● **Exercise materials**:
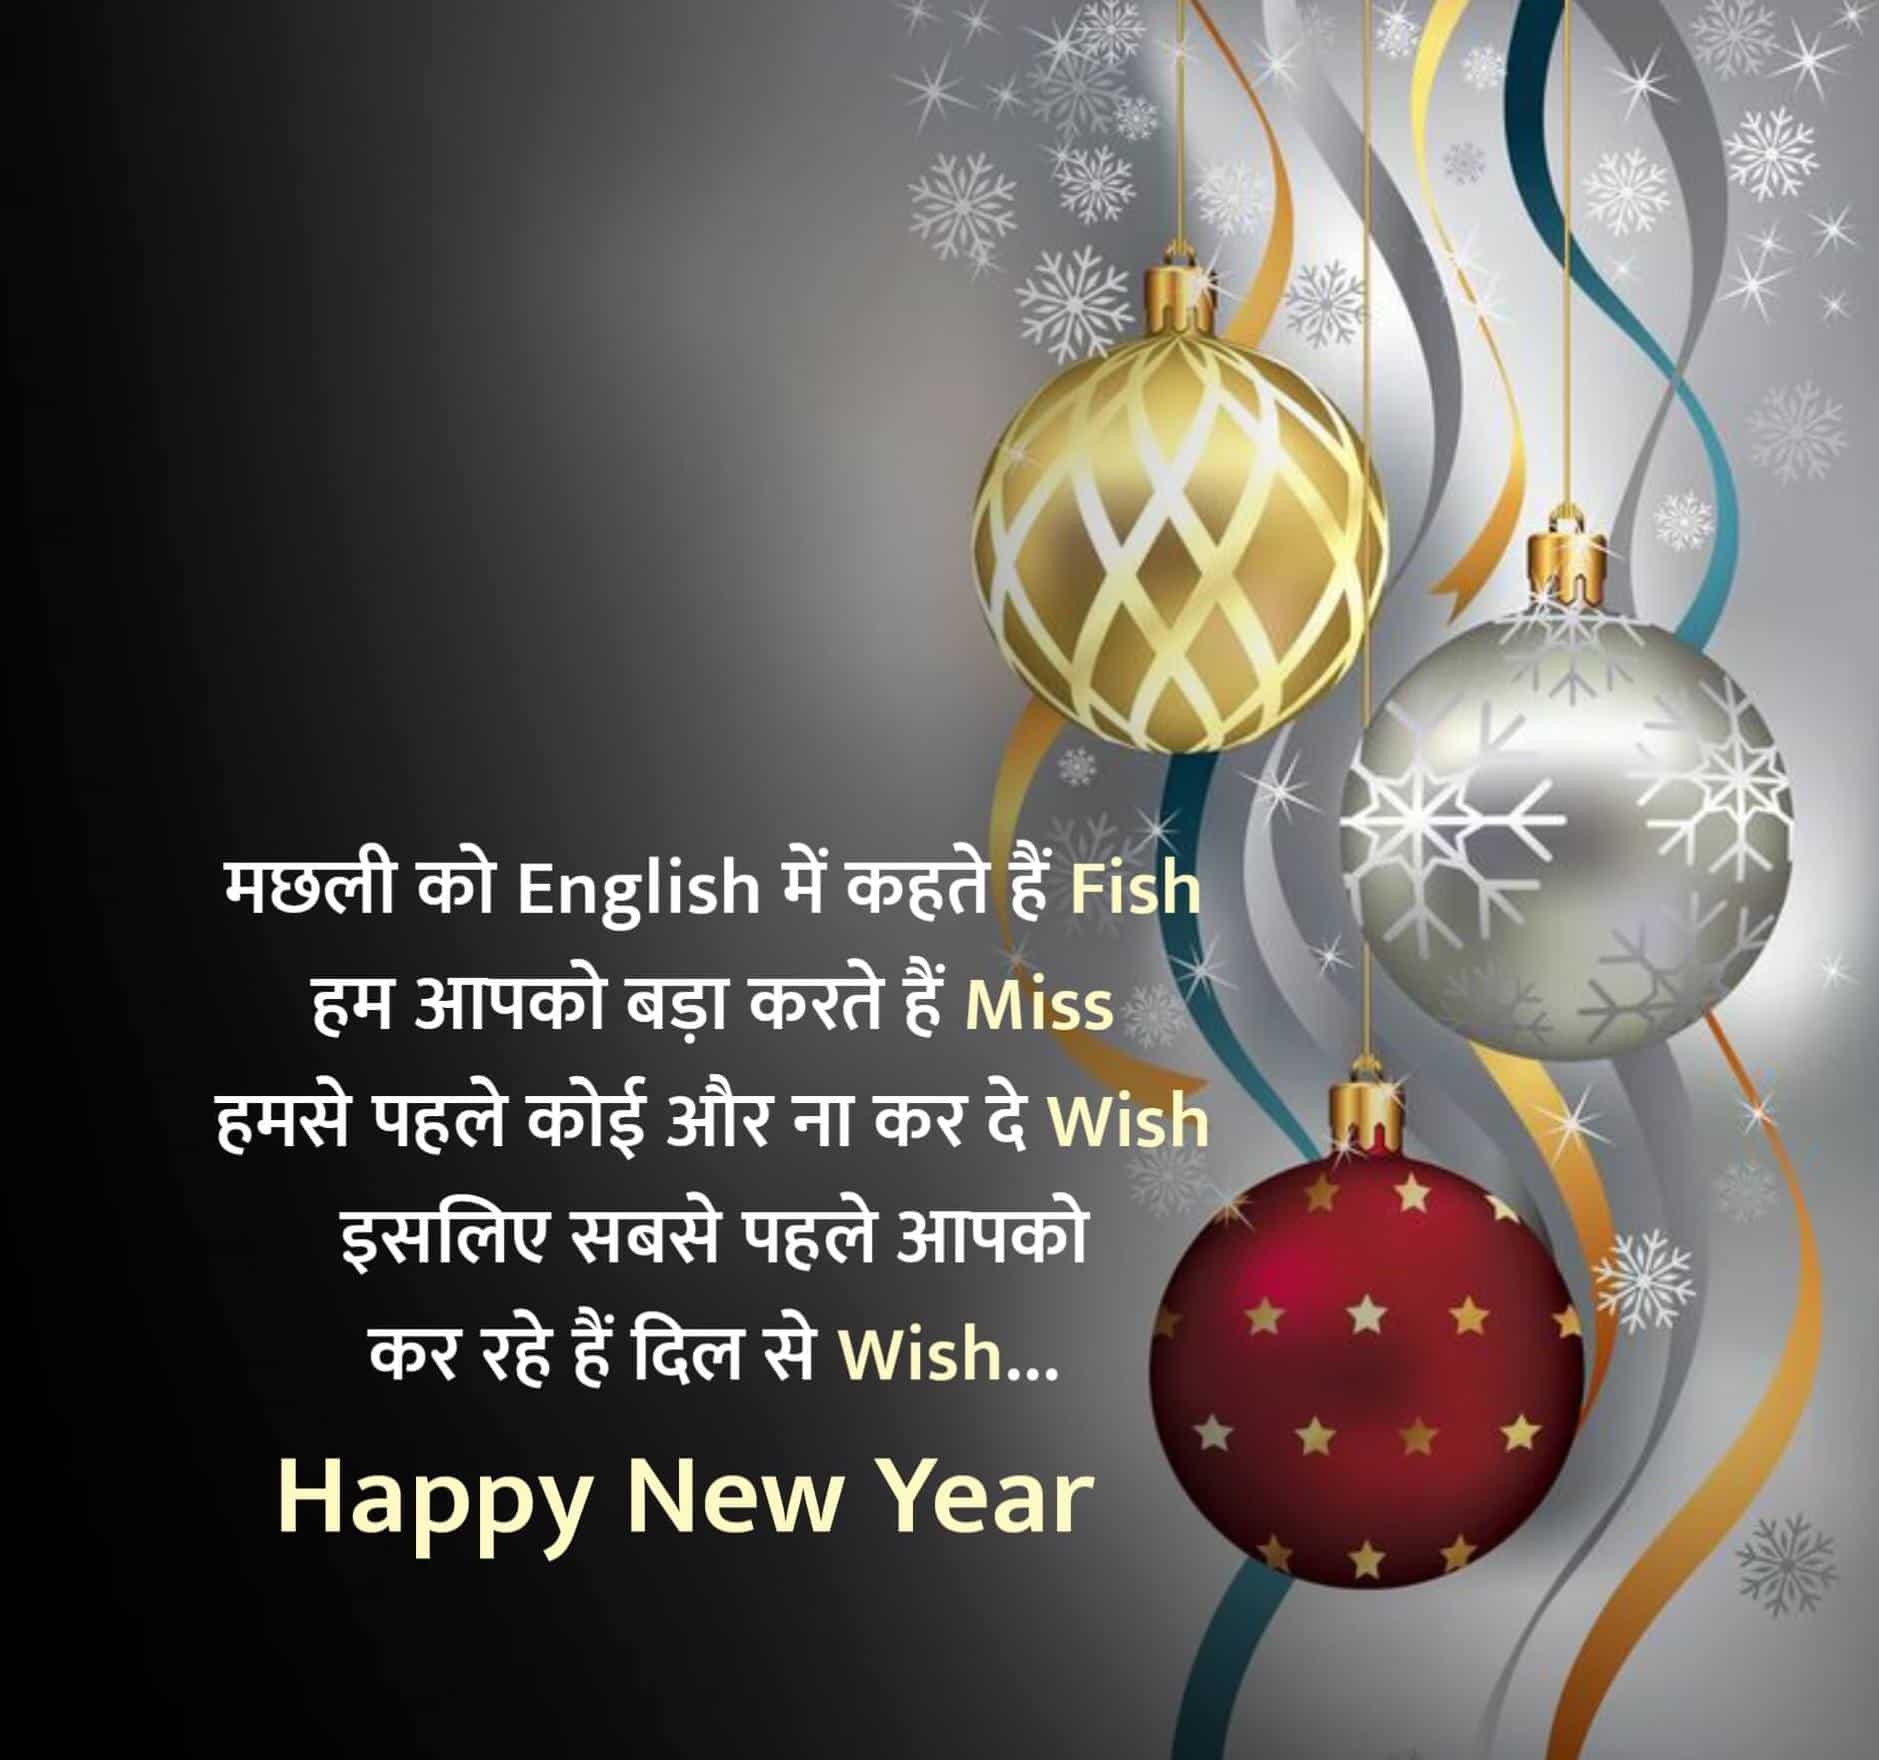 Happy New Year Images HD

* * *

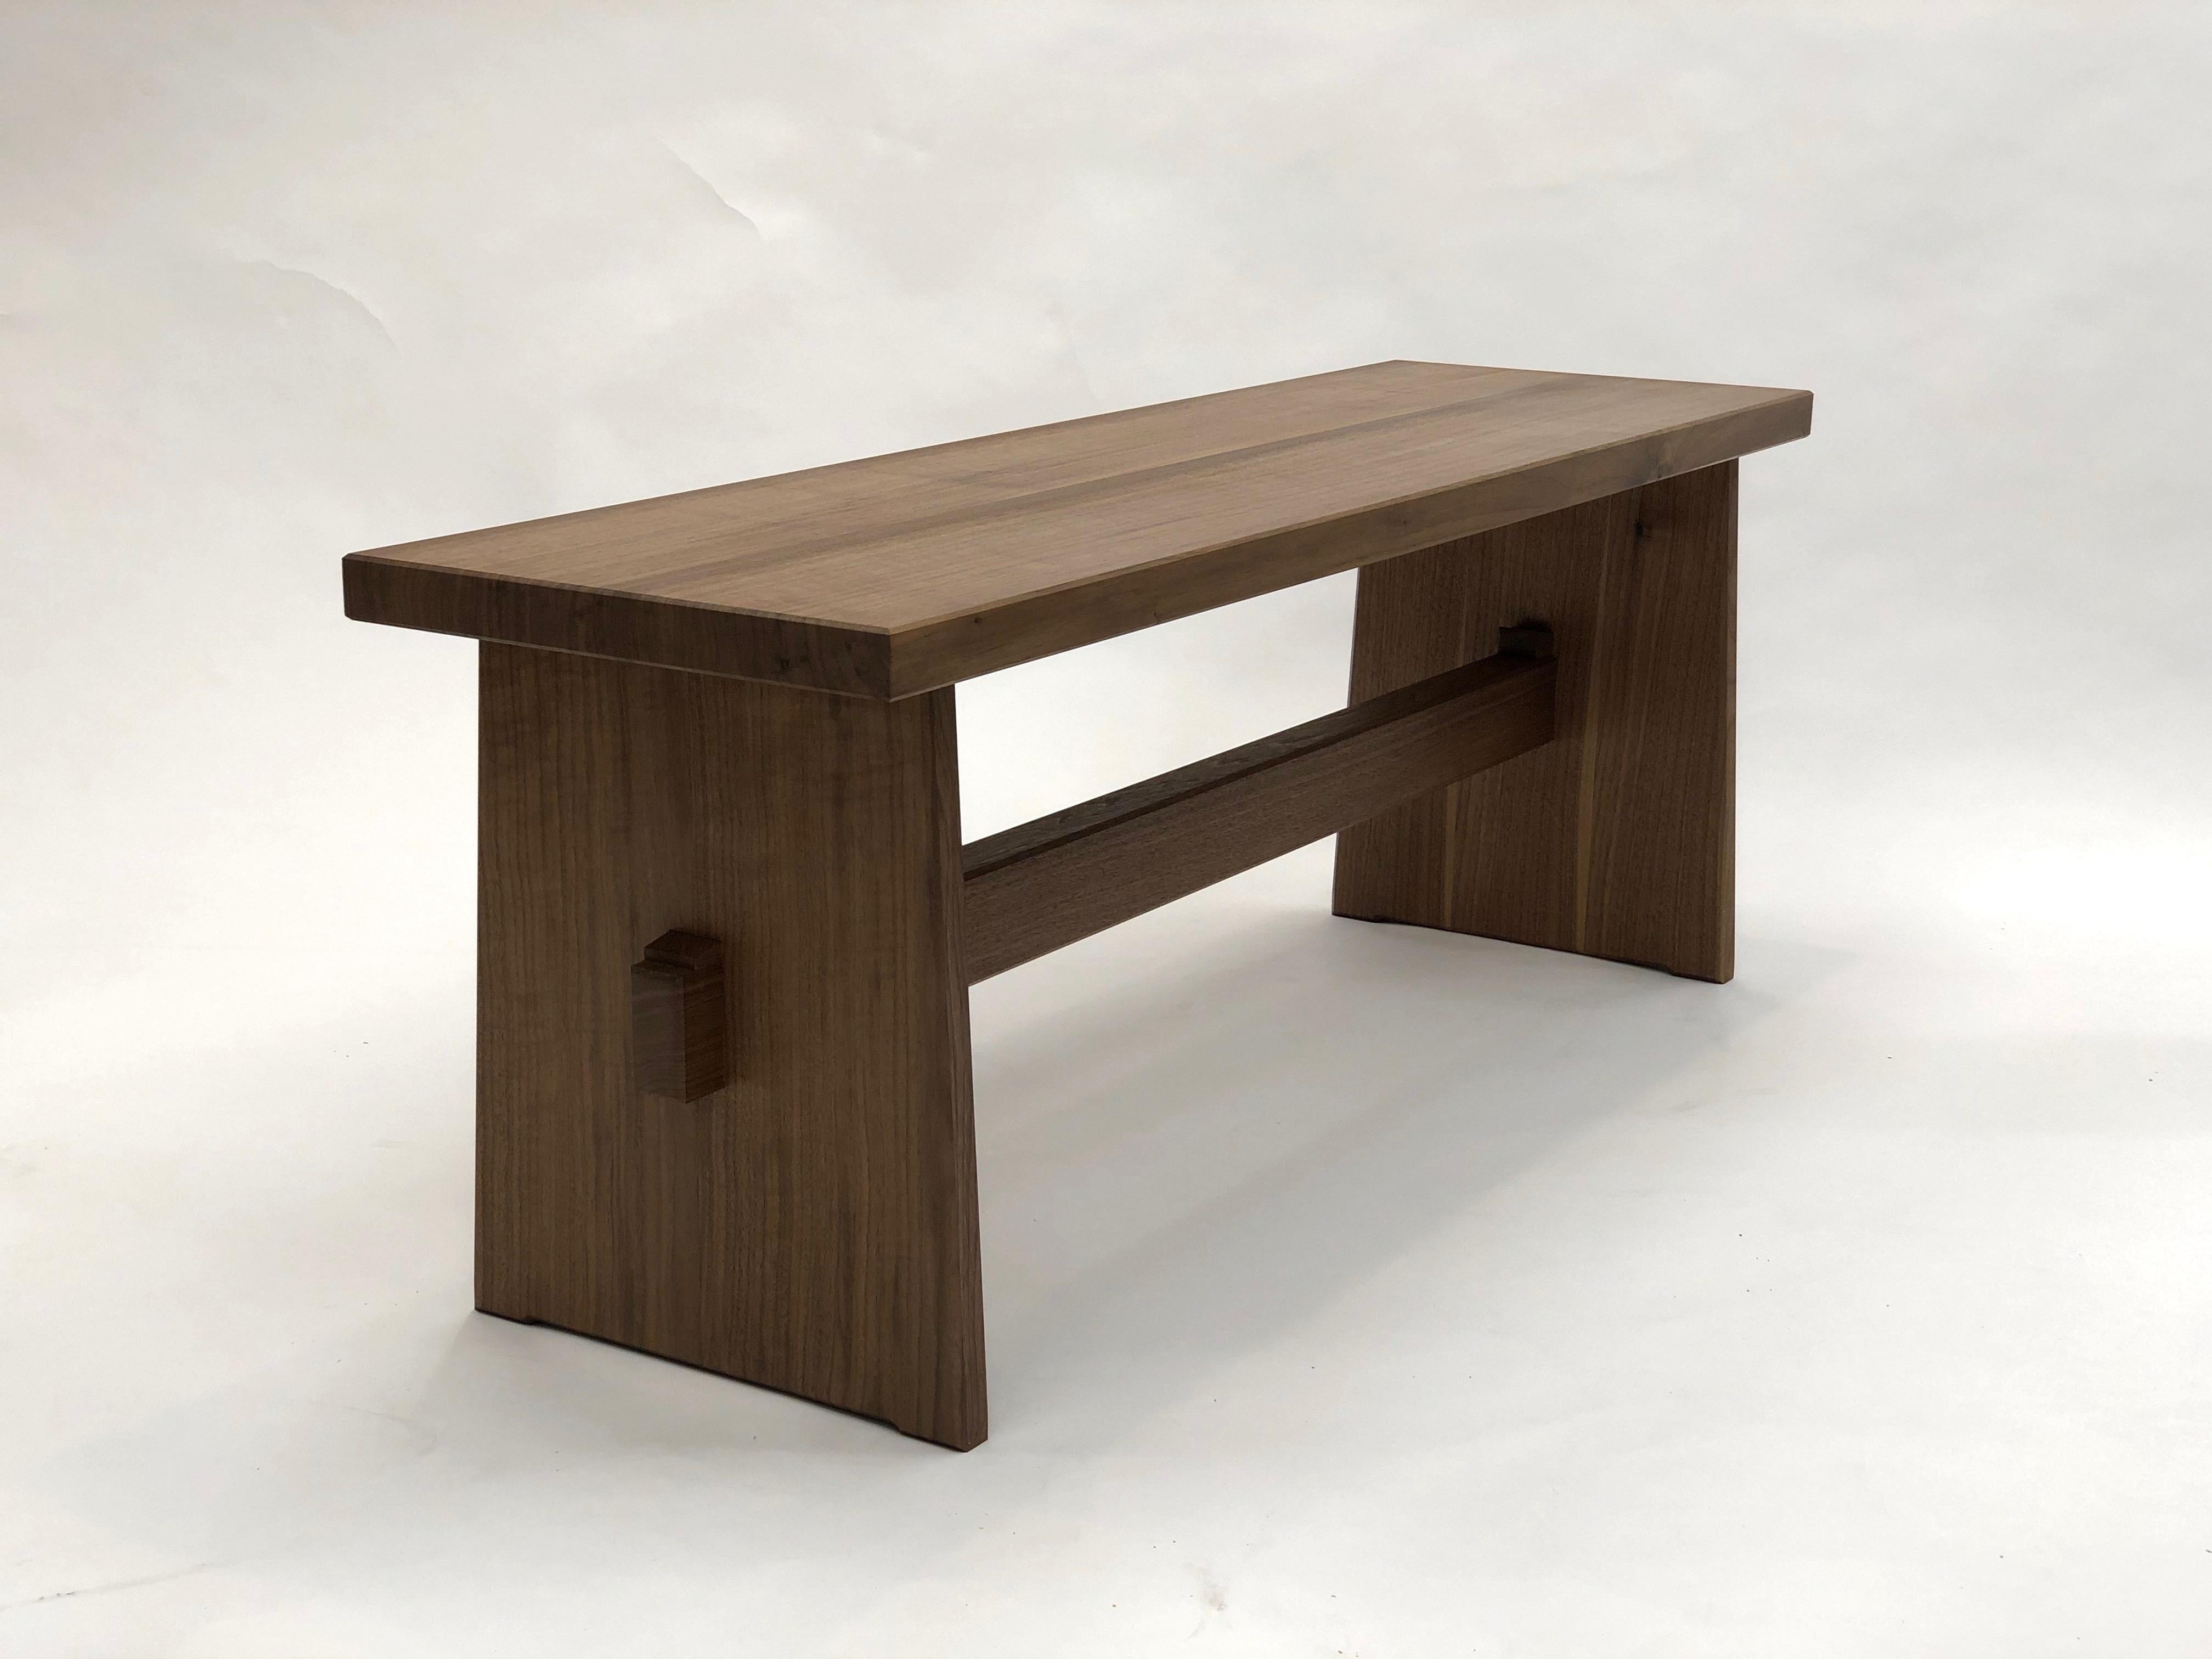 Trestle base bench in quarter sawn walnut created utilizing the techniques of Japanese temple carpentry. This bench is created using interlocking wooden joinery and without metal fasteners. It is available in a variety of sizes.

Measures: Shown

● **What is expected**: Pictures aside, print exactly the lines above starting with the one containing "Trestle base bench" and going on through the one containing "Measures: Shown".

● **Output below**:
 Trestle base bench in quarter sawn walnut created utilizing the techniques of Japanese temple carpentry. This bench is created using interlocking wooden joinery and without metal fasteners. It is available in a variety of sizes.

Measures: Shown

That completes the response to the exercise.